На вершине – это оказался Блосен – Вилфред опустился на землю и стал глядеть на фьорд, залитый лунным светом, – совершенно новый мир. Совершенно незнакомое зрелище – шпиль Фагерборгской церкви вблизи, а вдали, посреди города, величавый зеленый купол церкви св. Троицы, в нем отражается свет луны. Такой странный и незнакомый мир, что все двинулось вспять, назад, к той минуте, когда Вилфред днем уснул в тоске. Кристина – он не вспоминал о ней все это время. Девушка с апельсином…
Смертельно, усталый, взмокший от пота, он склонился к самой земле. Но приступ усталости так же внезапно прошел. Все, что разыгралось на хуторе и на улице, не то стерлось из памяти, не то затянулось какой-то пеленой. Зато восстановилась связь с тем, что произошло дома, в его комнате. Прошлое – оно нахлынуло на него там, точно он впал в забытье. Теперь оно всплыло снова, все то, что надвинулось на него тогда, от чего он пытался отгородиться сном.
Между прошлым и нынешней минутой было какое-то сходство. И теперь он понял, в чем оно. Ему снова, как тогда, предстоит принять решение. Он выпрямился, вдыхая ночной воздух…
Он вспомнил осень, которая пришла вслед за тем летом, полным унижений. Тогда-то он и стал пай-мальчиком, – мальчиком, который делал то, чего от него ждали, потому что в глубине души он уже начал смутно угадывать, что где-то на самом дне унижения таится своего рода торжество, а страх и боль исподволь превращаются в храбрость и во что-то приятное.

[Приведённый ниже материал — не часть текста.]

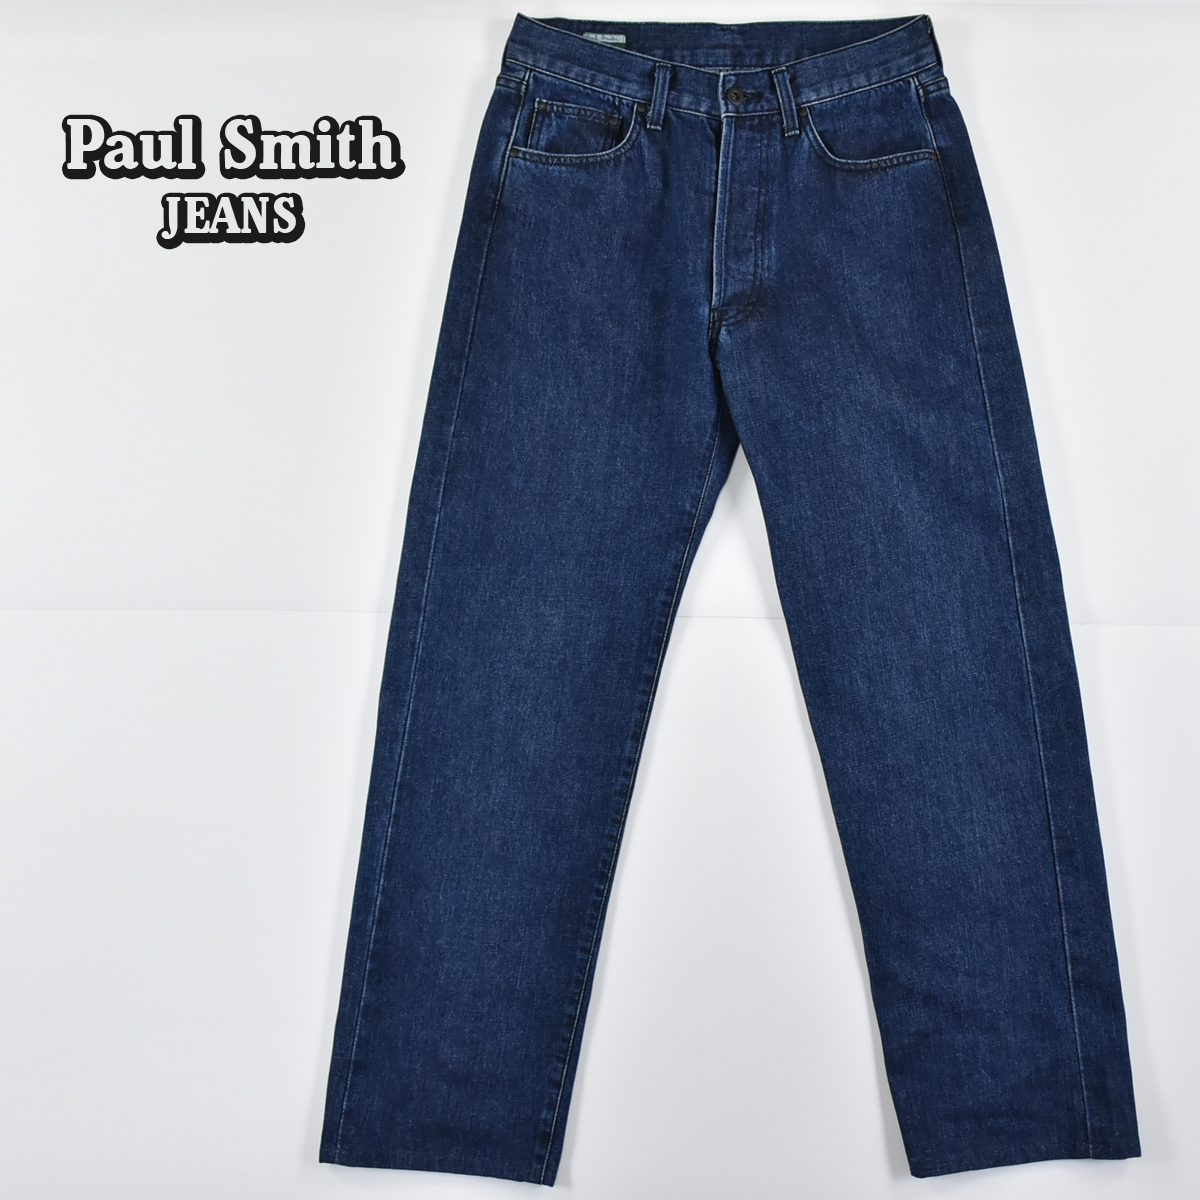 Paul Smith JEANS ポールスミス ジーンズ 日本製 ボタンフライ デニム ジーンズ パンツ インディゴ メンズ 31

Да, так все и началось. А потом первый день в школе, куда его привела мать, и фрекен Воллквартс задавала ему вопросы. Да, он поступает в школу несколько позже обычного, зато он свободно читает и пишет и немножко знает французский. У него была гувернантка. Он способный и скромный мальчик, который вежливо кланяется и при этом не страдает чрезмерной застенчивостью. Теперь Вилфред все это сознавал совершенно отчетливо, и ему даже начинало казаться, что он с первой же минуты действовал по обдуманному плану.
А потом он впервые был в гостях и вел себя так галантно, что дядя изумленно подняли брови, а тетки пришли в экстаз. Он вспоминал всю свою программу, в которой, казалось, не было места случайностям. И домашние будни – теперь он перестал бояться двоюродных братьев. Тогда ему было семь, и они могли запугать его чем угодно, а теперь ему было восемь! Теперь он мог позволить себе держаться самоуверенно, впрочем соблюдая меру. Было такое магическое слово, «спасибо», и еще другие слова: «большое спасибо» и «огромное спасибо», они действовали безошибочно. Он научился говорить: «У тебя новое платье? Какое красивое!»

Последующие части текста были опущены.